Baseline characteristic p-values were calculated using t-tests or Wilcoxon tests for continuous variables depending on normality, and chi-squared tests or Fisher’s exact tests for categorical variables depending on sparse cells. To estimate the impact of DTH status at HI on post-HAART immune function, we modelled CD4 gains at 24 months after HI with multiple linear regression while adjusting for other relevant covariates. Multiple logistic regression was used to understand factors associated with post-HAART DTH normalization among those who were anergic at HI.

Results

A total of 302 participants met inclusion criteria, of which 216 (72%) were non-anergic and 86 (28%) were anergic by DTH testing prior to HI (Table 1). Demographic characteristics, including age at HIV diagnosis and gender, were similar between groups, although European Americans were more likely to be anergic compared to those of other races or ethnicities (p=0.015). Median CD4 count at diagnosis was significantly higher in the non-anergic group (497 cells/μL, interquartile range (IQR) 360–656) compared to the anergic group (432 cells/μL, IQR 279–540; p=0.014); however, VL was no different (4.5 log10 copies/mL, IQR 4.0–4.9 vs. 4.6 log10 copies/mL, IQR 4.0–5.1; p=0.335).
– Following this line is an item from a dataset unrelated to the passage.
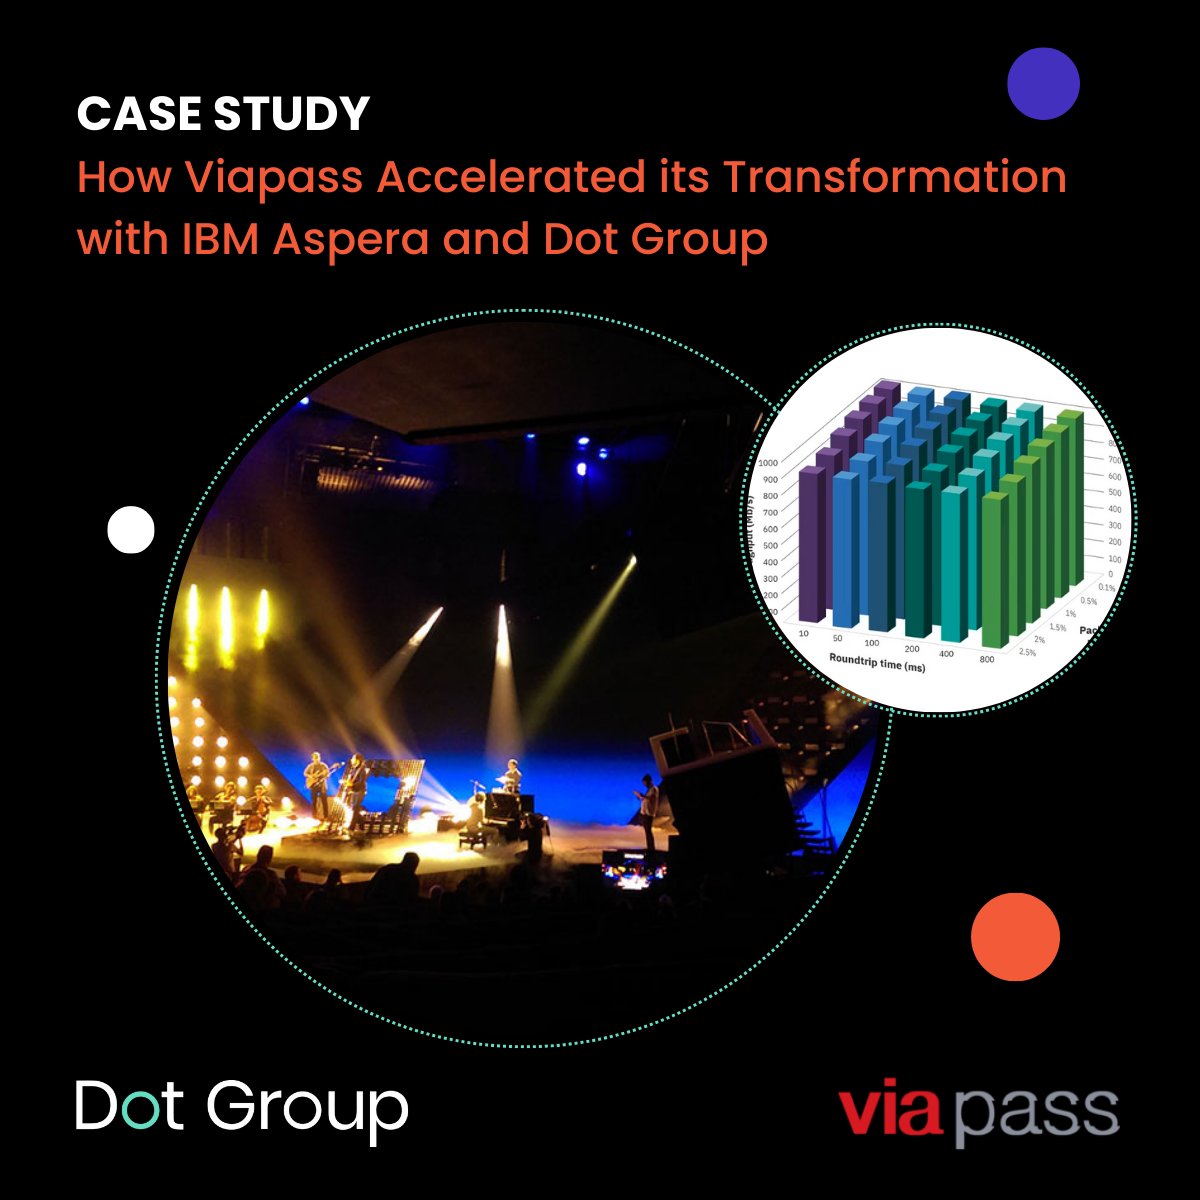 “Adopting #IBMAspera’s technology was a game-changer for us. It not only revolutionised our #filetransfer process but elevated our service quality in the high-pressure environment of event management.” Read more from #Viapass CEO Jean-Pierre Kaisserlian at bit.ly/4awwUjz
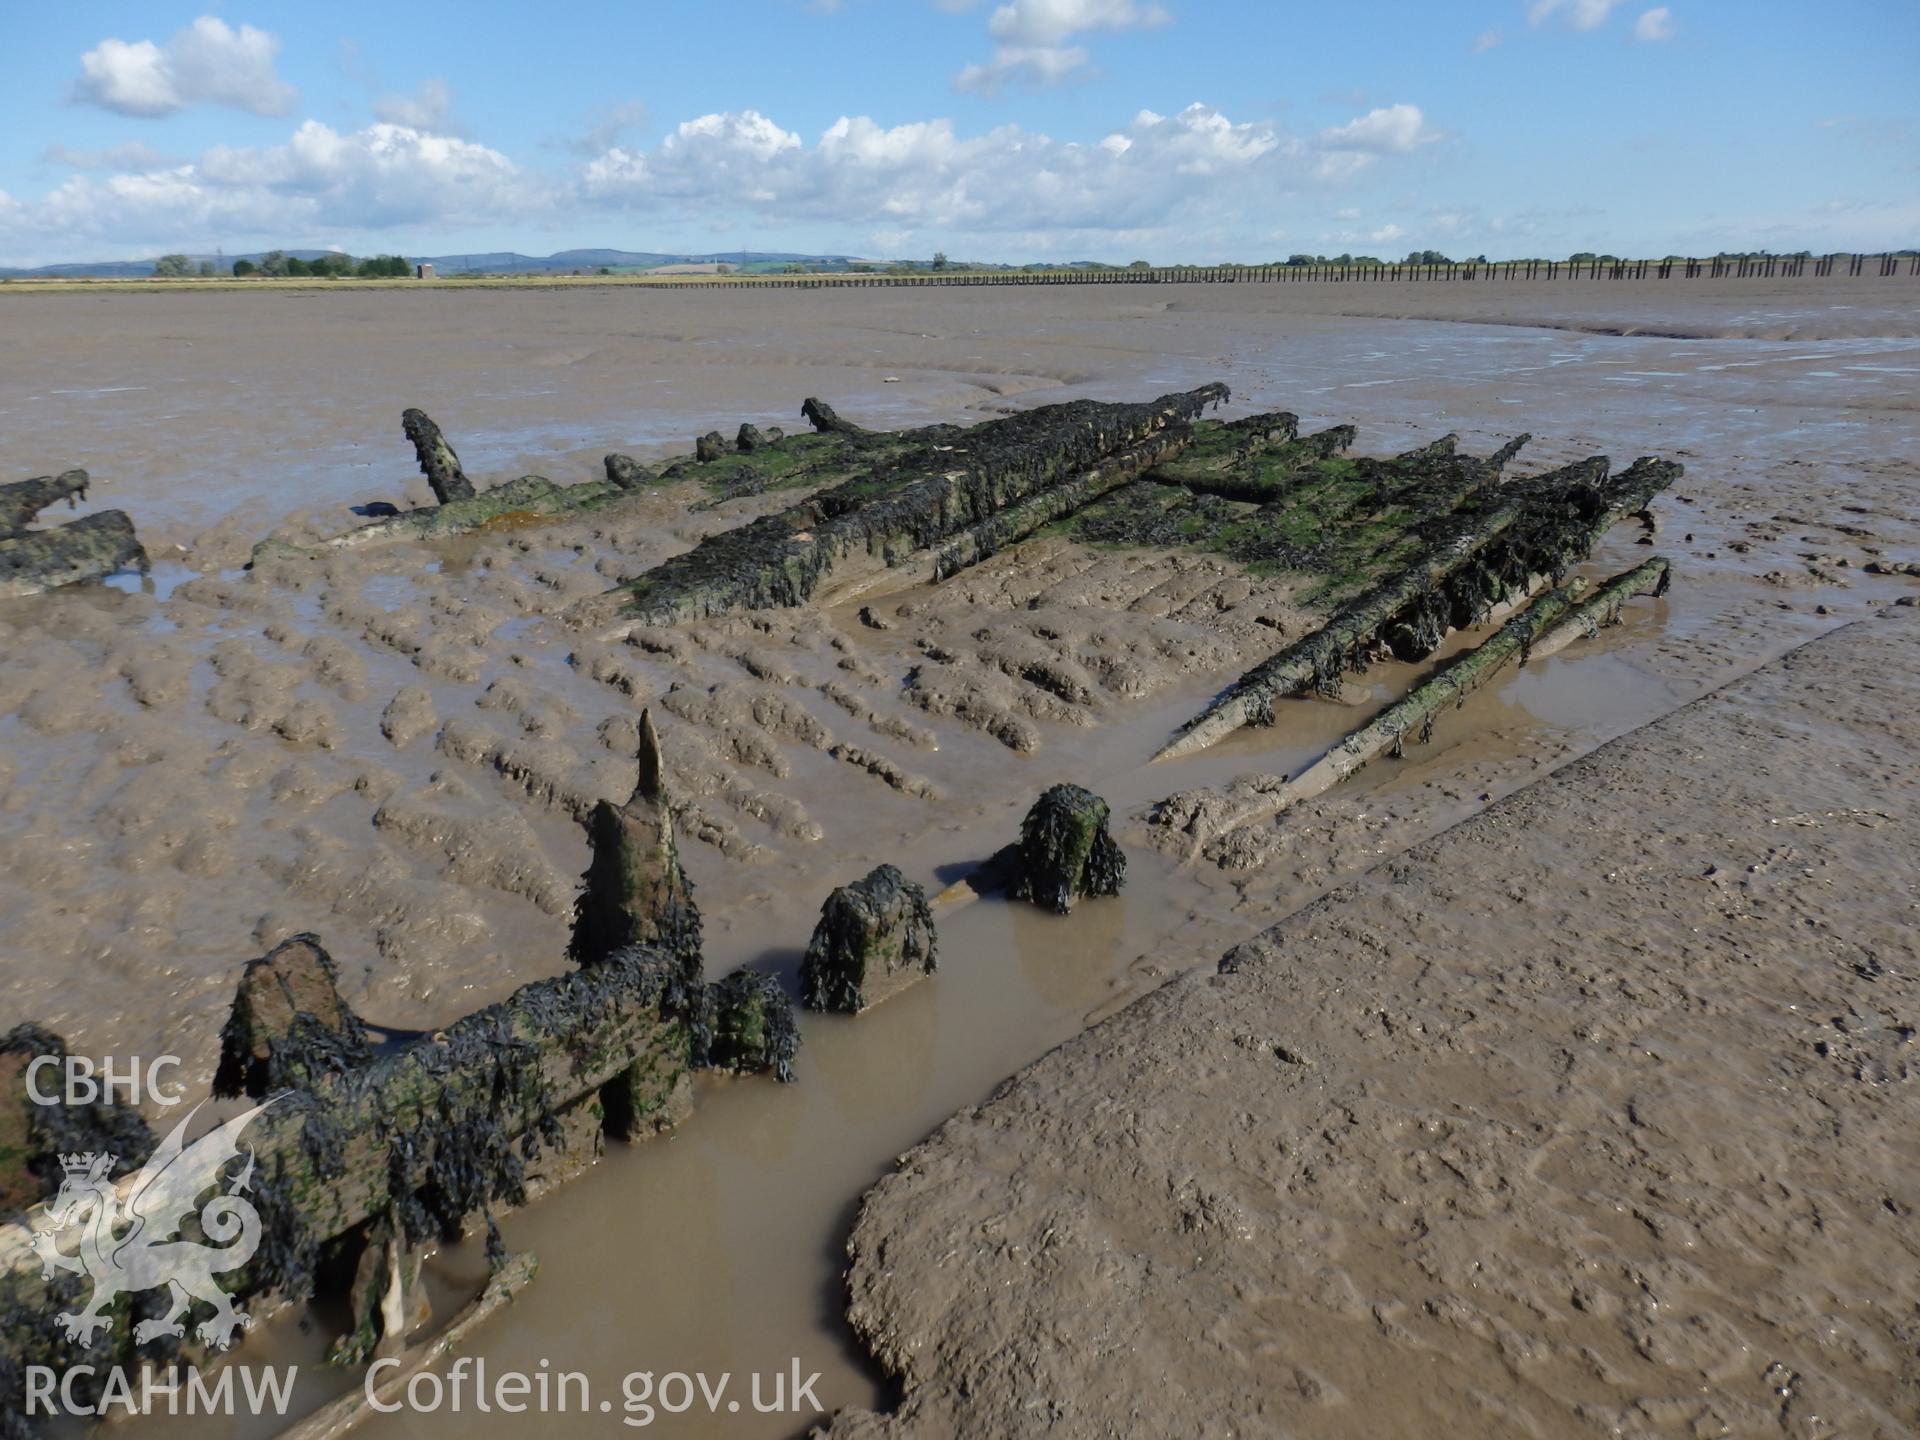 Aerial photograph showing wreck at Rumney Great Wharf, taken by Paul Davis, 29th August 2016.

Table 1.  Baseline characteristics at HAART initiation
    Pre-HAART DTH test results  
  All participants Anergic Non-anergic p
Participants, n 302 86 216  
Age at HIV diagnosis (years) 31 (26, 36) 32 (27, 38) 30 (26, 36) 0.103
Gender       0.908
  Male 280 (93%) 80 (93%) 200 (93)  
  Female 22 (7%) 6 (7%) 16 (7%)  
Race or ethnicity       0.015
  European-American 169 (56%) 57 (66%) 112 (52%)  
  African-American 97 (32%) 17 (20%) 80 (37%)  
  Hispanic/other 36 (12%) 12 (14%) 24 (11%)  
Year of HIV diagnosis 1995 (1991, 1998) 1995 (1991, 1998) 1995 (1991, 1998) 0.595
CD4 count at HIV diagnosis (cells/μL) 488 (338, 637) 432 (279, 540) 497 (360, 656) 0.014
VL at HIV diagnosis (log10 copies/mL) 4.5 (4, 5) 4.6 (4, 5.1) 4.5 (4, 4.9) 0.335
Year of HAART initiation 1998 (1997, 1999) 1998 (1996, 1999) 1998 (1997, 1999) 0.785
Age at HAART initiation (years) 35 (31, 40) 35 (32, 41) 35 (30, 39) 0.242
AIDS prior to HAART       0.015
  No 287 (95%) 77 (90%) 210 (97%)  
  Yes 15 (5%) 9 (10%) 6 (3%)  
CD4 count at HAART initiation (cells/μL) 404 (287, 510) 373 (228, 487) 409 (315, 517) 0.104
VL at HAART initiation (log10 copies/mL) 4.3 (3.5, 4.9) 4.4 (3.6, 5) 4.3 (3.4, 4.9) 0.292
Initial HAART regimen       0.062
  PI based 205 (68%) 67 (78%) 138 (64%)  
  NNRTI based 73 (24%) 14 (16%) 59 (27%)  
  Other 24 (8%) 5 (6%) 19 (9%)  
Results expressed as a number and percentage or as a median and interquartile range. DTH, delayed-type hypersensitivity; HAART, highly active antiretroviral therapy; VL, viral load; PI, protease inhibitor; NNRTI, non-nucleoside reverse transcriptase inhibitor.

The year of HI was typically in the early HAART era (1998 for both groups). The median CD4 at HI was higher for non-anergic (409 cells/μL, IQR 315–517) versus anergic (373 cells/μL, IQR 228–487) participants, but this was not statistically significant (p=0.104). VL at HI was also similar between groups. AIDS diagnoses prior to HI were more common in the anergic group (n=9, 10%) compared to the non-anergic group (n=6, 3%; p=0.015). The initial HAART regimen most commonly used was protease inhibitor (PI) based (n=205, 68%) compared to non-nucleoside reverse transcriptase inhibitor (NNRTI) based (n=73, 24%) and other regimens that typically contained both PIs and NNRTIs (n=24, 8%). For DTH test outcomes, there was a trend toward greater PI-based regimen use in the anergic group (n=67, 78%) compared to the non-anergic group (n=138, 64%; p=0.062).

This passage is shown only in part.